Democrats and Republicans...two sides of the same dirty coin. I can probably count on one hand the number of the nationally elected politicians that give a rat's ass about their constituents or this country.


----------



## Seneca (Nov 16, 2012)

Isn't it normal for a sitting pres to get a bump in the poll ratings after giving a state of the union address? I always thought it was fairly common to see that happen.


----------



## Denton (Sep 18, 2012)

And, it is normal for politicians to immediately back away from campaign promises right after the elections.


----------



## PatriotFlamethrower (Jan 10, 2015)

Denton said:


> Obama Approval Rating At 50 Percent As Republicans Abandon Immigration Campaign Promises - Breitbart
> 
> What?!?! Politicians are not following through with their promises?!?!
> 
> How is this a breaking story? Well, it isn't. This is just a reminder.


What Gallup didn't tell us is that they only polled Obama's immediate family. :cower:

Forget the U.S. government. Worry ONLY about what you have some control over..............what goes on under your roof!


----------



## rjd25 (Nov 27, 2014)

The two party system is broken. Elected officials are supposed to represent their constituents in their states. They stopped worrying about the interests of their constituents and instead focus on the national party that they belong to. They throw a bone to the people that elect them every once in a while to keep the machine going but that is about it. You can thank the media for a lack of a third party.


----------



## oddapple (Dec 9, 2013)

Yup. People were waiting for one more straw from the Republicans to put them right in the same boat with the oby's - and it should be crystal clear beyond doubt that they are pulling an "africa". The finance problems are all theft and conspiracy, take the money and run, sick the red cross (cdc) on people to exterminate them. 
Now is the moment libertarians have been waiting for, if theyre not too dumb to change the name and tread in carefully willing to learn.
Every party of earth will be selling to us now. Commies, nazis, socialist pukeatoids, islam - they now have a clear window of "and we are worse how?" To the American people.


----------



## Slippy (Nov 14, 2013)

Lying sacks of shit, the whole lot of them. (This ain't new, they've been this way for years) On another note, who the hell is participating in these polls?


----------



## Chipper (Dec 22, 2012)

Surprised it took them so long to forget their promises.


----------



## Camel923 (Aug 13, 2014)

A politician is some e who while kissing a baby is stealing its candy.


----------



## Denton (Sep 18, 2012)

PatriotFlamethrower said:


> What Gallup didn't tell us is that they only polled Obama's immediate family. :cower:
> 
> Forget the U.S. government. Worry ONLY about what you have some control over..............what goes on under your roof!


Control what you can control, but take your eyes off of what the federal government is doing at your own peril. You might wish you had gotten the heads up.


----------



## Big Country1 (Feb 10, 2014)

Slippy said:


> On another note, who the hell is participating in these polls?

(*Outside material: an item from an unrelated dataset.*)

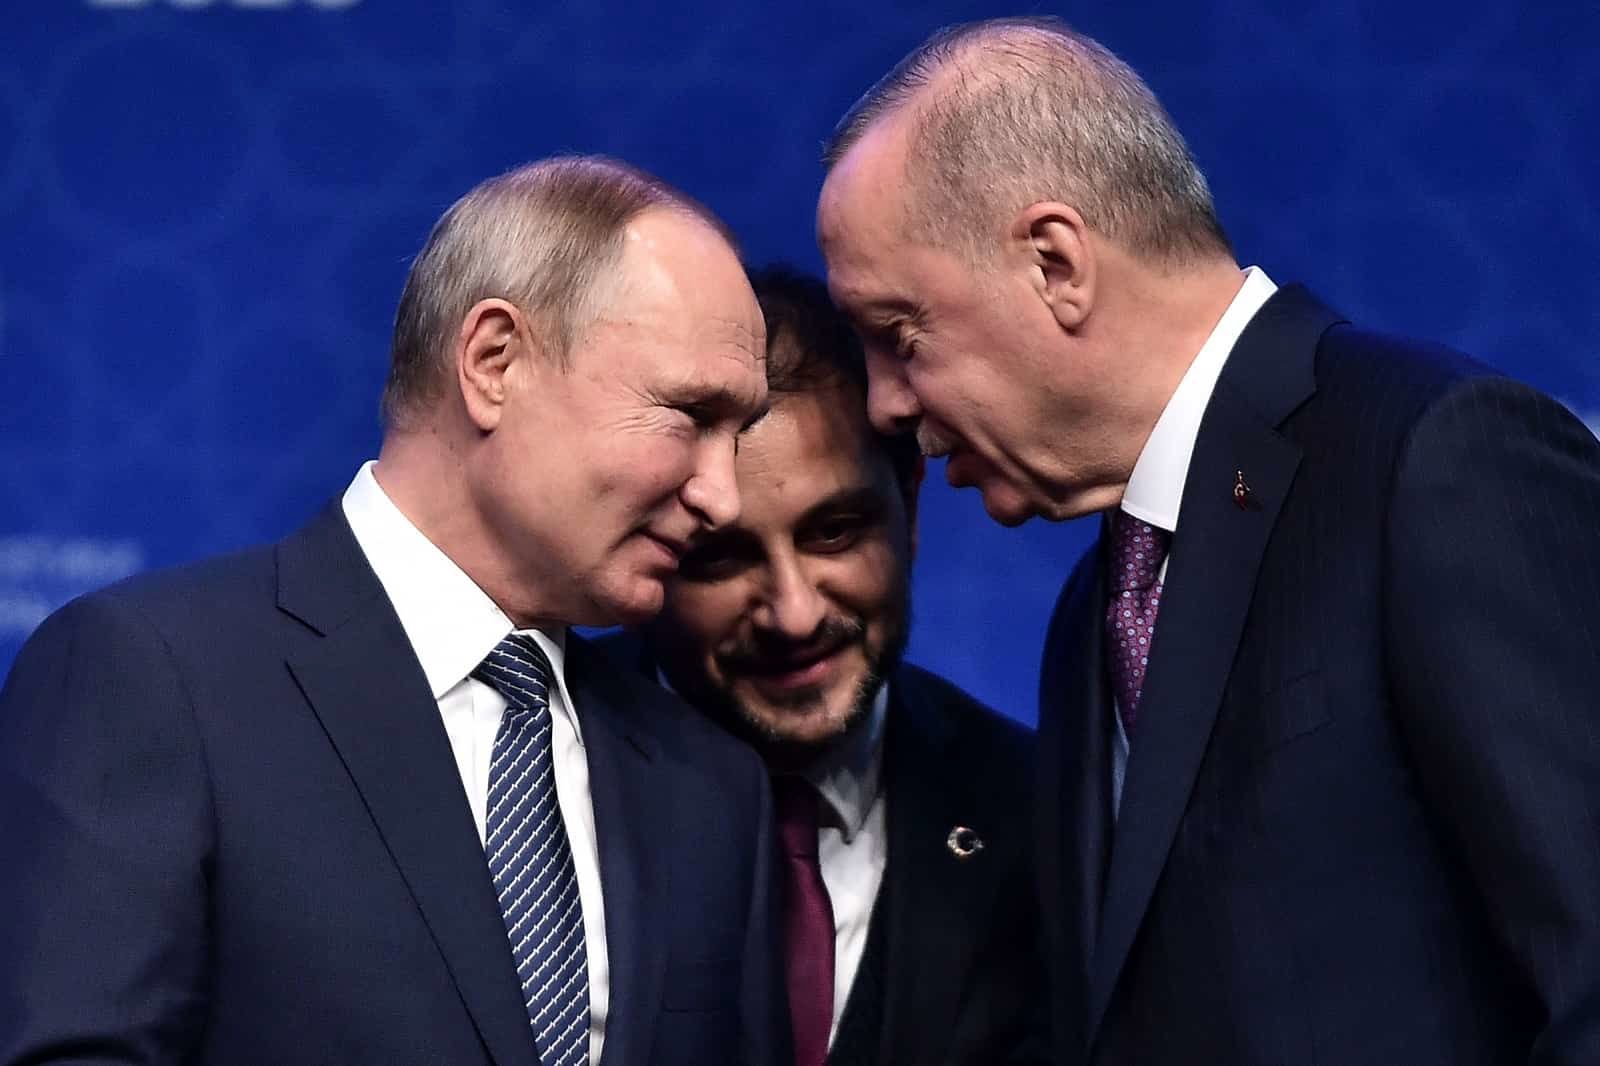 Putin and Erdogan compressed

Thats what i was just thinkin... I know they didnt send me anything for my .02.


----------



## Diver (Nov 22, 2014)

It isn't clear to me what campaign promises Republicans have backed down from. First not all Republicans have the same point of view on what should be done about our immigration system. In a lot of races it wasn't as much of an issue as Obamacare, the economy, ISIS, etc. Second while there has been a lot of rhetoric about Obama's executive order, that didn't happen until after the election, so obviously nobody campaigned about it. You would have to go Congressman by Congressman to figure out what each one said before you could say they have broken their promises. Finally, it is completely unclear what if any immigration legislation will come out of the new Congress. Some of these newcomers are still looking for the bathroom. Quite frankly I think immigration is a much less important issue than some of the other issues the new Congress faces and they have been there for three weeks. It is ridiculously premature to pass judgment on them.


----------